Last night, I found my way to the Vancouver Playhouse to see the final screening of Bird at the Vancouver International Film Festival. The Playhouse provided a unique and average viewing experience – the seats were uncomfortable; the screen needed an upgrade. But Bird was on my list of movies to see at the festival because Barry Keoghan is in its supporting cast. I am happy to report that the acting throughout Bird is the movie’s strongest asset.
However, Keoghan was not the movie’s strongest performer. His character was complex, with a keen sense of humour and a strong belief in self. Keoghan’s acting was earnest, yet I found it difficult to separate the actor from the celebrity. Between the Manchester United collaboration, the GQ cover shoots and dating Sabrina Carpenter, Keoghan’s star is beaming stronger than ever. In The Banshees of Inisherin, he was a newcomer with a fascinating face and deep eyes, and, in Saltburn, he backed it up with a memorable leading-man effort. In Bird, Keoghan still pulls from his prismatic well of emotions, but I felt that he was still coming to grips with his newfound lifestyle and that was seeping into his work. Ideally, celebrity status is shed before acting. The harshness was gone from behind his eyes, even though he plays a character that had a presumably harsh upbringing. In Bird, he has scenes that are stronger than others and he is playing the character with, perhaps, the most complex persona in the whole movie, but I cannot say that this performance tops what we saw in Saltburn and Inisherin.
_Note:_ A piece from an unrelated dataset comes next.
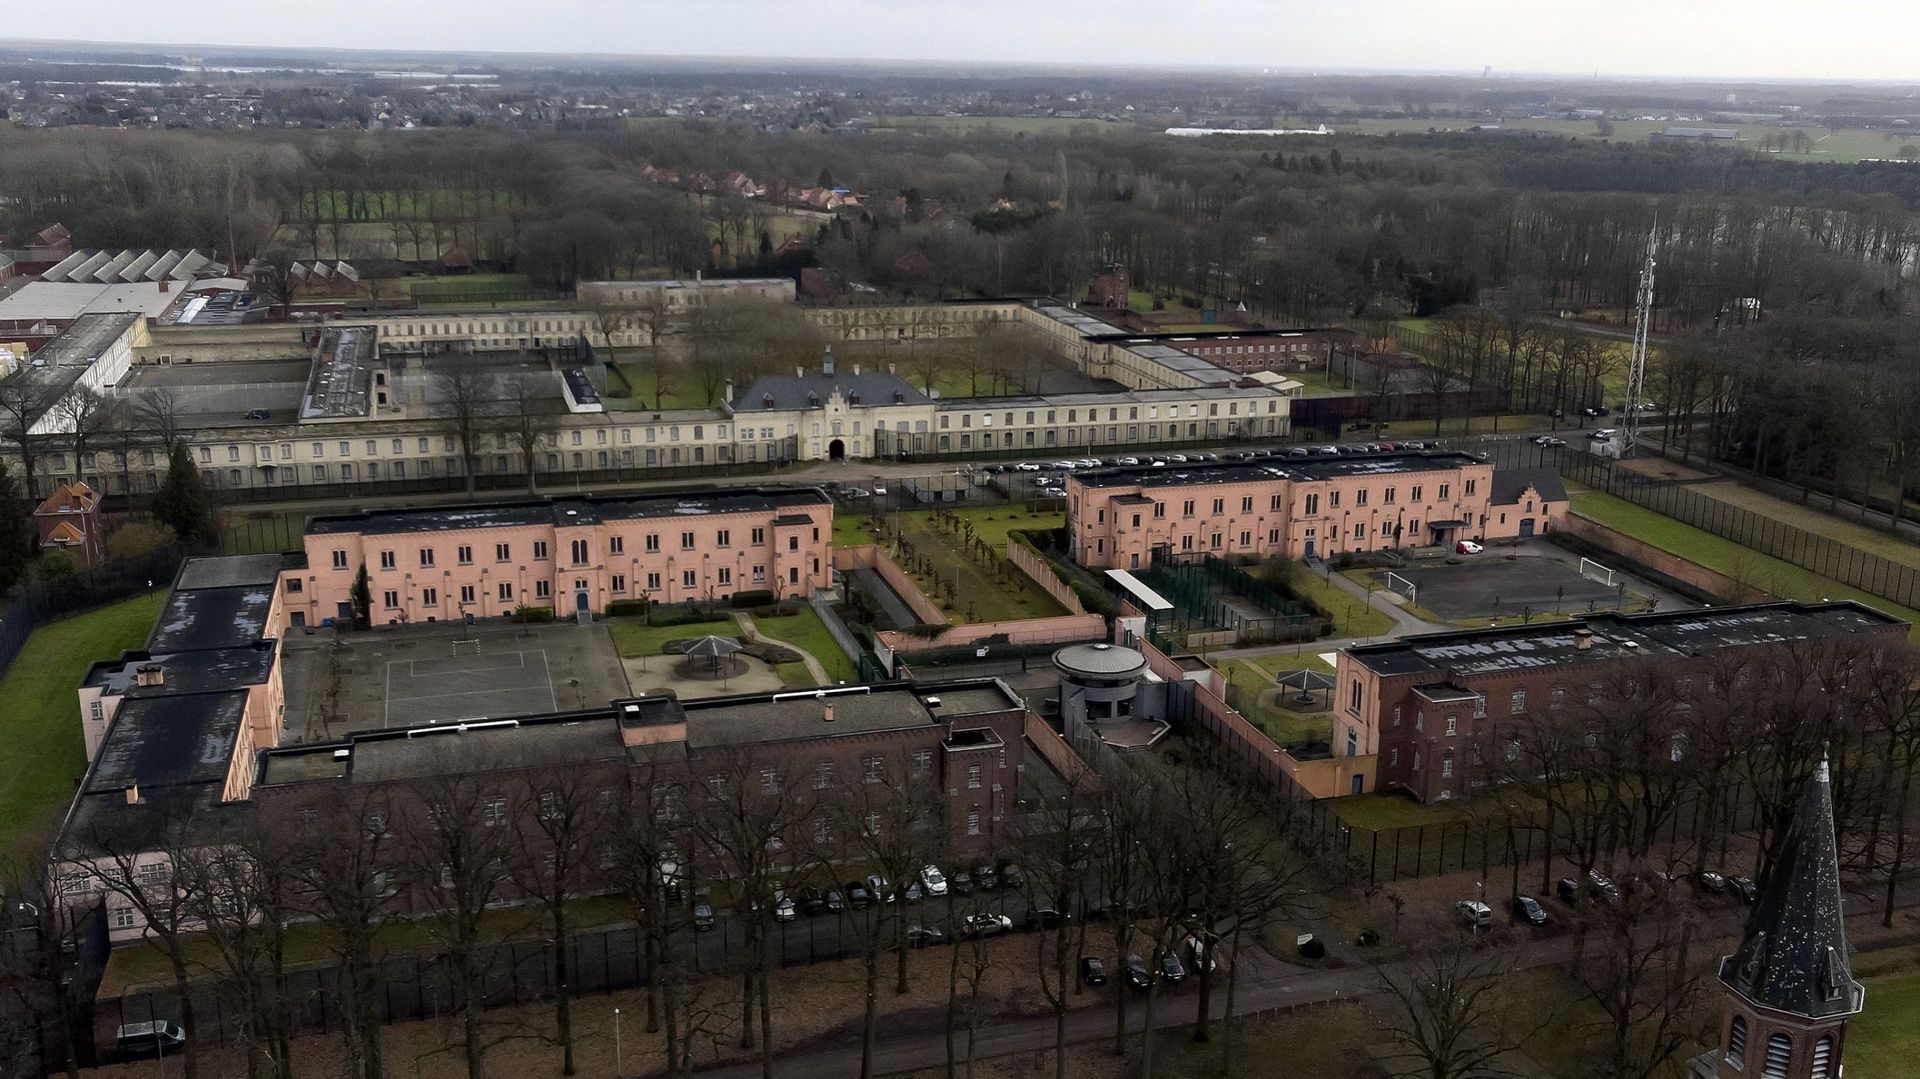 Vue aérienne de la prison de Merksplas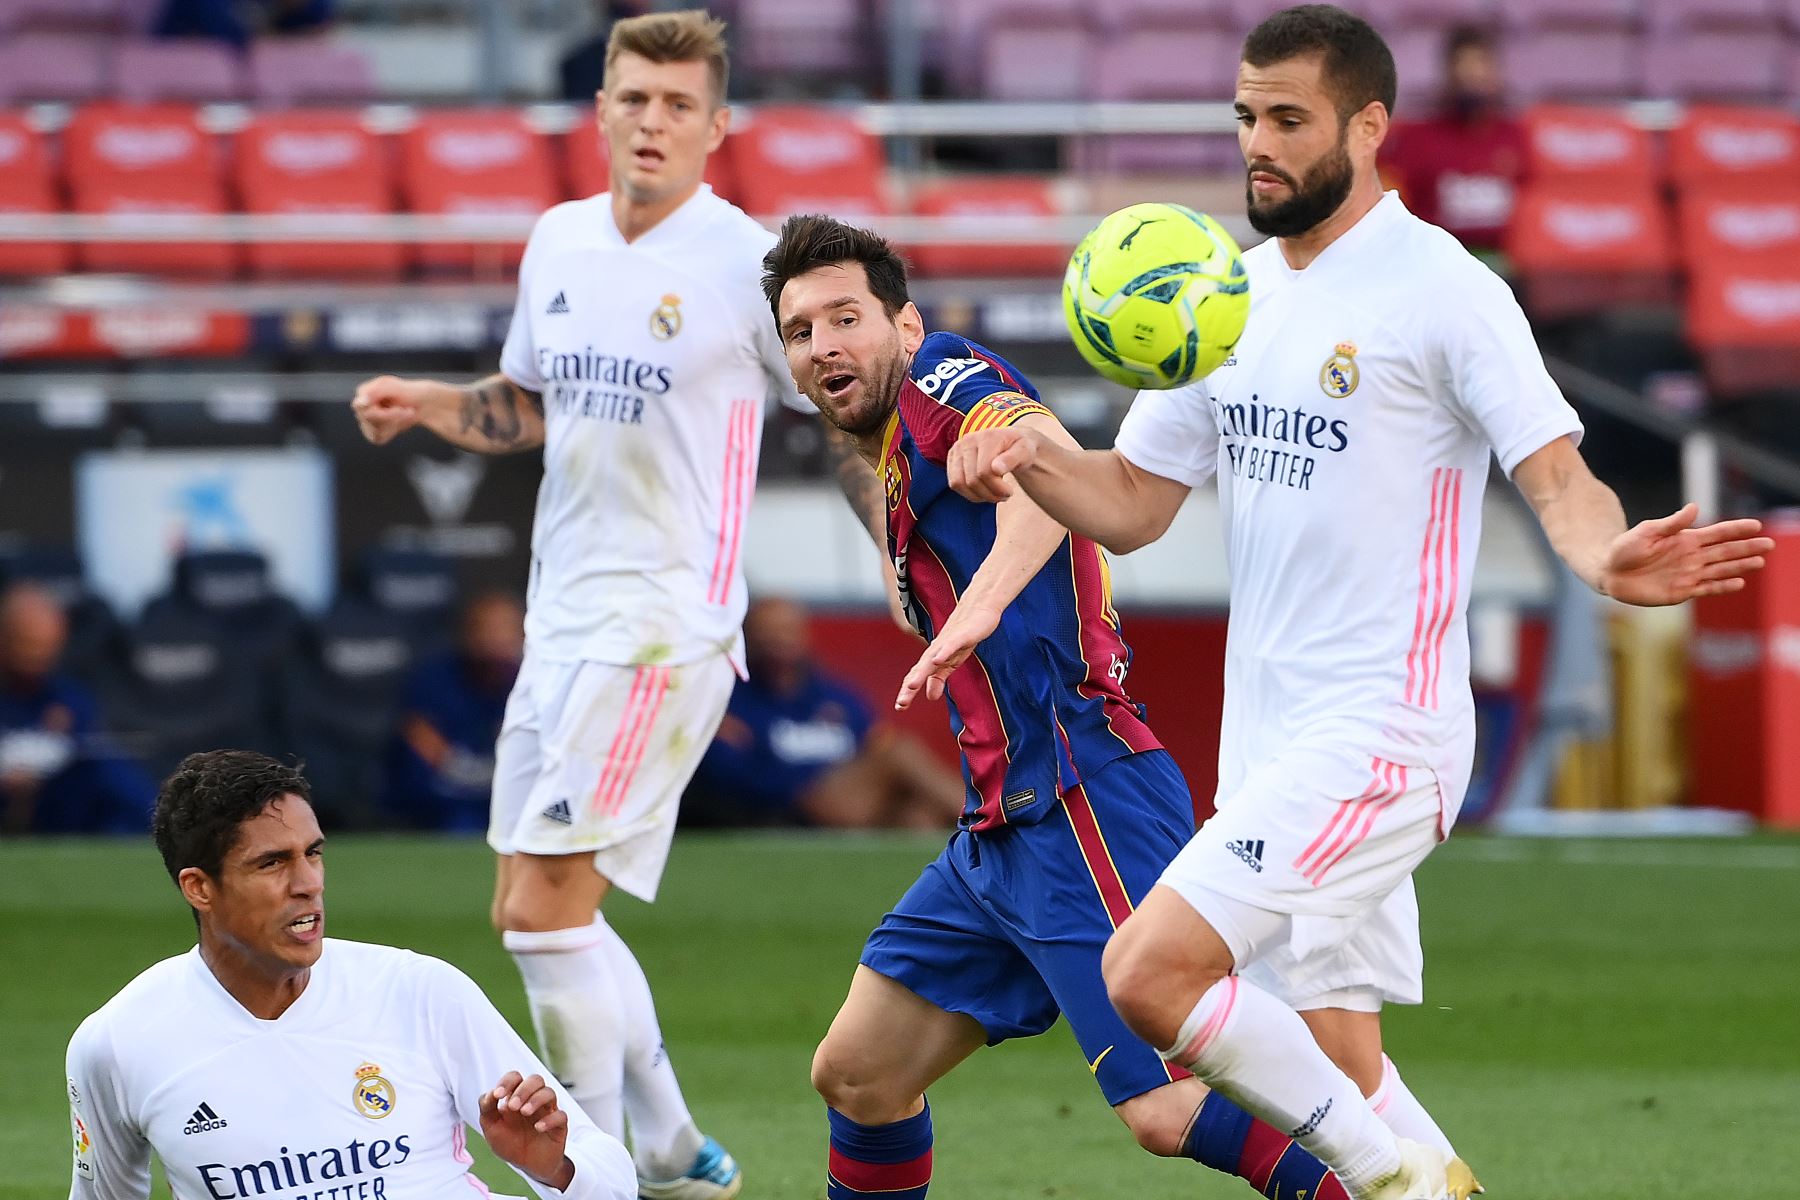 El delantero Leonel Messi, disputa el balón, durante el partido de fútbol de la Liga española entre Barcelona y Real Madrid. Foto: AFP

Franz Rogowski, the German national, delivers the strongest performance as Bird’s titular character. His character is bizarre, innocent and transformative. It is his character’s story that the audience is the most invested in. To receive it, we must follow the movie’s main character, Bailey, played by Nykiya Adams, who, unfortunately, does not evolve very much and is largely a canvas for the dreams of Rogowski’s Bird and Keoghan’s Bug to spew onto.
Adams is quite good as Bailey, but the character’s arc provides the movie with its pacing issues. Two people walked out of the movie behind me and, if I were watching this movie at home, there’s a chance I would have shut it off early too. Although the ending is rewarding, and the setting is interesting, the music is good and the side characters are complex, the story of this little girl growing into her womanhood while asserting her independence is exhausted in 2024. Her cutting her hair, putting on makeup and getting her first period are not exciting setups – they’re simplistic plot points for a girl’s coming-of-age movie. It is when the movie leans into its side characters’ quests – Bird looking for home, Bug and his frog – that Bird really takes off.
I could not find the names of some of the actors in this movie, which was surprising, but the depth of acting quality in this movie is outstanding. Jason Buda plays Hunter, a kid who wants to grow up too quickly. His climactic scene at the train station with Keoghan is especially poignant. The young girls who played Bailey’s sisters were great as was Hunter’s friend who slyly has a crush on Bailey.
The setting is exciting, and it is one of the drawing points that vie for the audience’s attention. It’s a graffiti-soaked England, where the kids are drinking, and the 20-somethings already have kids and no future. It’s an underbelly that allows for some great, realistic and punk shots, like the opening montage as Bug and Bailey zip through the ends on his electric scooter.
Bird is a good movie, with some exciting storylines and characters, which really comes full circle and heartfelt if the viewer can stay focused through some discerning pacing problems.